Так и теперь. Не успел он дойти до склада, как над Зангезуром опять зареяла точка. Спустившись вниз, она затрепетала и застрекотала над его ушами самым несносным образом, покуда не села, растопырившись, на площадку. В ту же минуту из нее выпрыгнули двое людей чистокровной английской наружности, если верить опере «Лакмеэ» и другим популяризациям английского гения среди восточных туземцев. То были мужчины и женщины одного роста, в полотняных цилиндрах, изобильно снабженных синей вуалькой и в длиннополых летних пальто. И мужчина, и женщина бряцали огромными лорнетами, висевшими вокруг шеи, и полевыми биноклями, заткнутыми за бело-розовые пояса. Попрыгав туда и сюда, по лужам, оврагам и кочкам Зангезура, они испустили несколько восторженных криков, натерли себе глаза и переносицу лорнетами и, наконец, приблизились к складу мосье Надувальяна.
— Ваш пароль? — тихо спросил мосье Надувальян.
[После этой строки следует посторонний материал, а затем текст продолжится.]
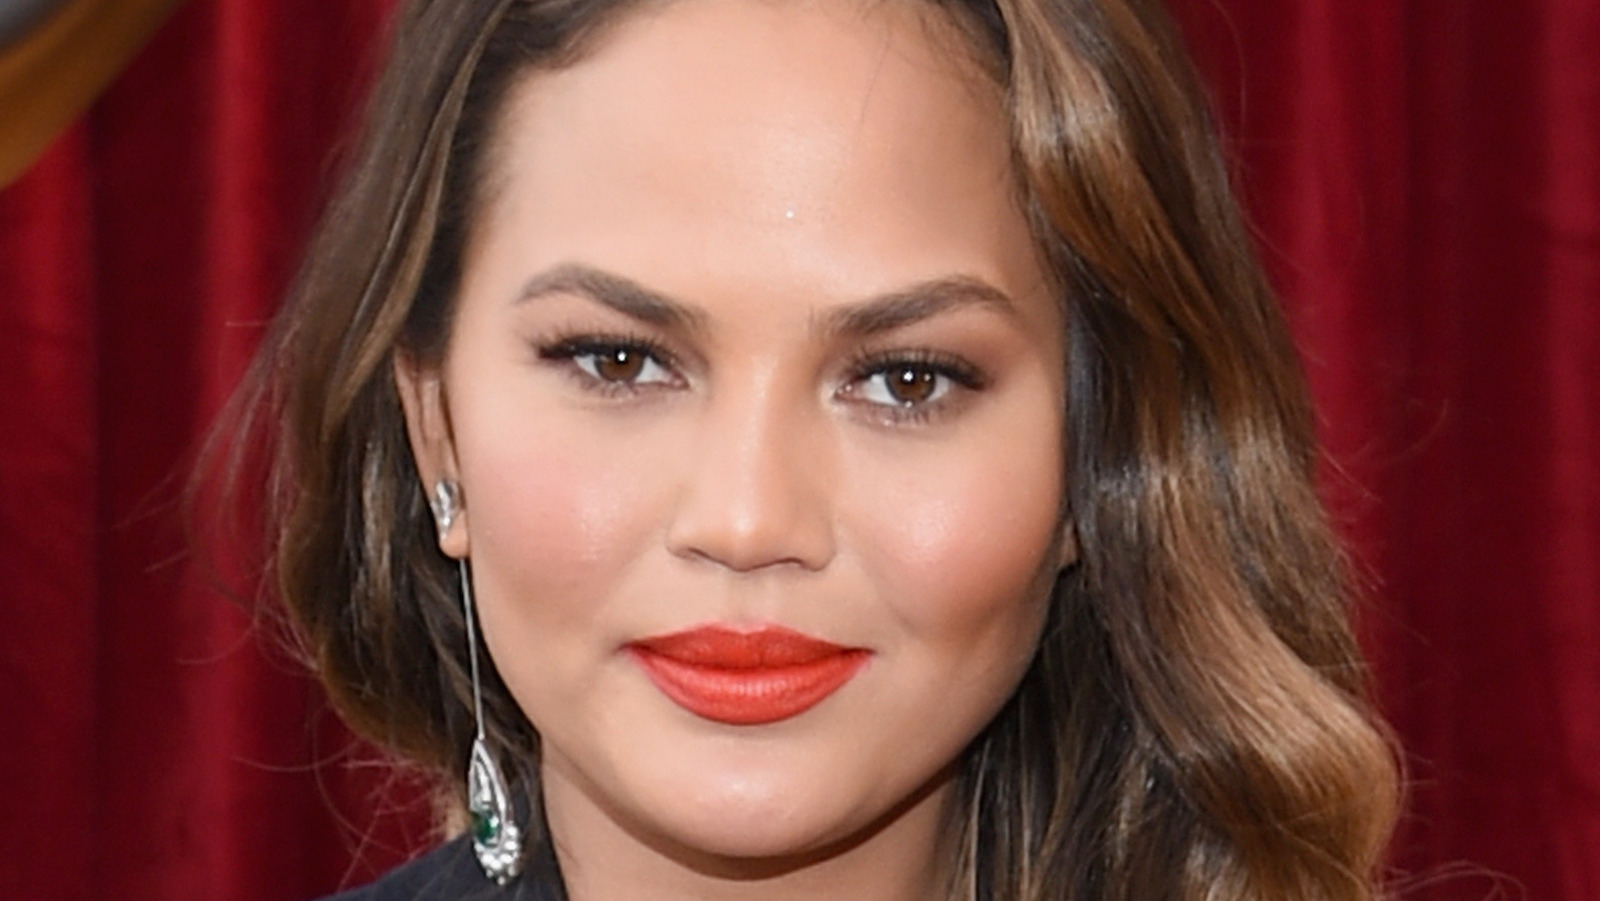 Chrissy Teigen's cookware line is dropped from retail giant Macy's

— Мы мирные туристы в Зангезуре! — ответили оба в один голос, после чего Мосье Надувальян ввел их с большими предосторожностями внутрь своего склада.
Здесь было темно и затхло. Освещение давала лишь маленькая отполированная платиновая пластинка, на которую перебрасывался зеркалами свет из стеклянного купола. Баллоны, пустые и полные, стояли вокруг стен. Хрустальные чаши лежали на столе. Множество флакончиков валялось в корзине.
— Товар сильно возрос в цене, — пробормотал Надувальян, вынимая из корзины два закупоренных и запечатанных флакона и тотчас же опуская их в каучуковый баллон с водой, — два лота — пятьдесят тысяч фунтов стерлингов золотом.
— Черт возьми! — воскликнул турист. — Вы спятили!
— Ничего подобного, — отозвался армянин спокойно, — разработка засыпана. Это последний фунтик нашего минерала.
Туристы посоветовались друг с дружкой, тяжело вздохнули и вытащили из карманов битком набитые бумажники. Не менее тяжело вздохнул и Надувальян, принимая от них сумму, на которую он мог бы купить весь Зангезур.
— Ну и работа! — прошептал он, выпроваживая туристов за дверь. — Один улетает, другой прилетает, пилава не дадут доесть!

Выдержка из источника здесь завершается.